# ts1 bronze bar bred to indigo bar archangels



## chinbunny (Mar 1, 2010)

This is a mother and son pair. Dad is a indigo bar blue wing. Mom is a ts1 bar blue wing. Got a baby out of them today. if it makes it adulthood, there would be a pretty good chance of it being a ts1 bar, or a white bar correct? 

to give a general idea of whats in their background, the Modena colored stencil bird in this thread, is the dad(of mom), grandfather(of the indigo bar), and great grandfather of the baby. 

http://www.pigeons.biz/forums/f41/a...nd-dove-colors-43791.html?highlight=archangel


----------



## rudolph.est (May 14, 2009)

The chances are slim that you will get a pure white bar without the full TS complex, one of which is the dominant bronzing factor TS1. I don't know if your pair has that...
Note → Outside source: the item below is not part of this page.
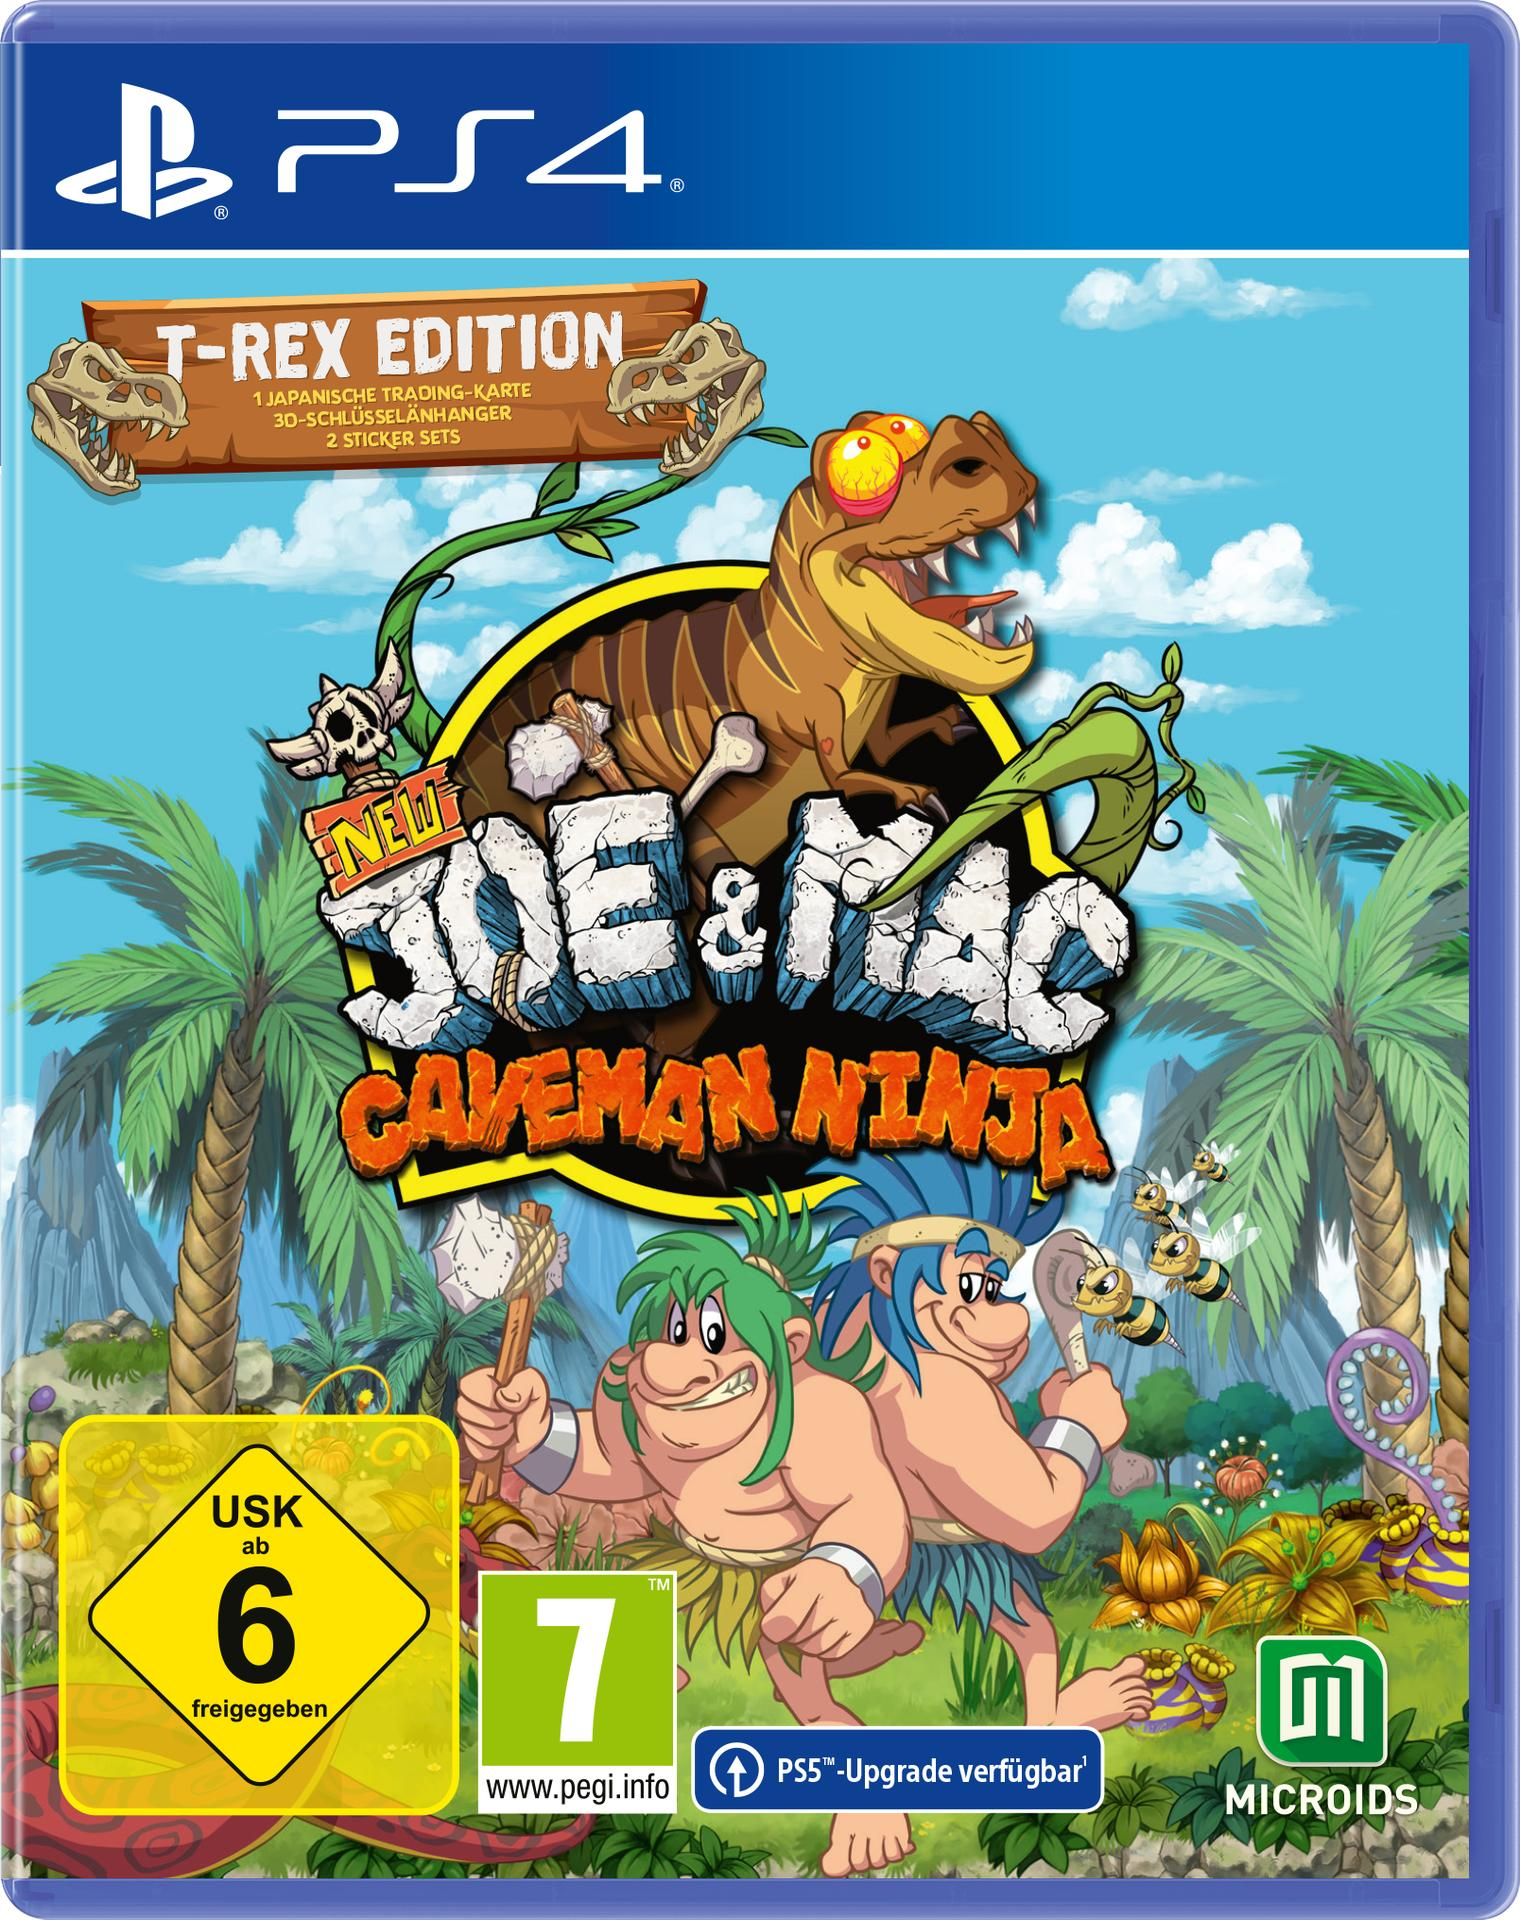 - [PlayStation T-Rex Ninja & Joe Edition Mac: - Caveman 4] New

Posting pictures separately might help.


----------



## chinbunny (Mar 1, 2010)

Momma is the ts1 bronze bar, in this thread. I bred her to her baby in the first picture below her. That one molted to indigo bar. id get a recent picture of him, but he's really grumpy right and not very happy with me messing with his baby. lol.

http://www.pigeons.biz/forums/f41/archangel-color-id-on-some-babies-64147.html?highlight=stencil


----------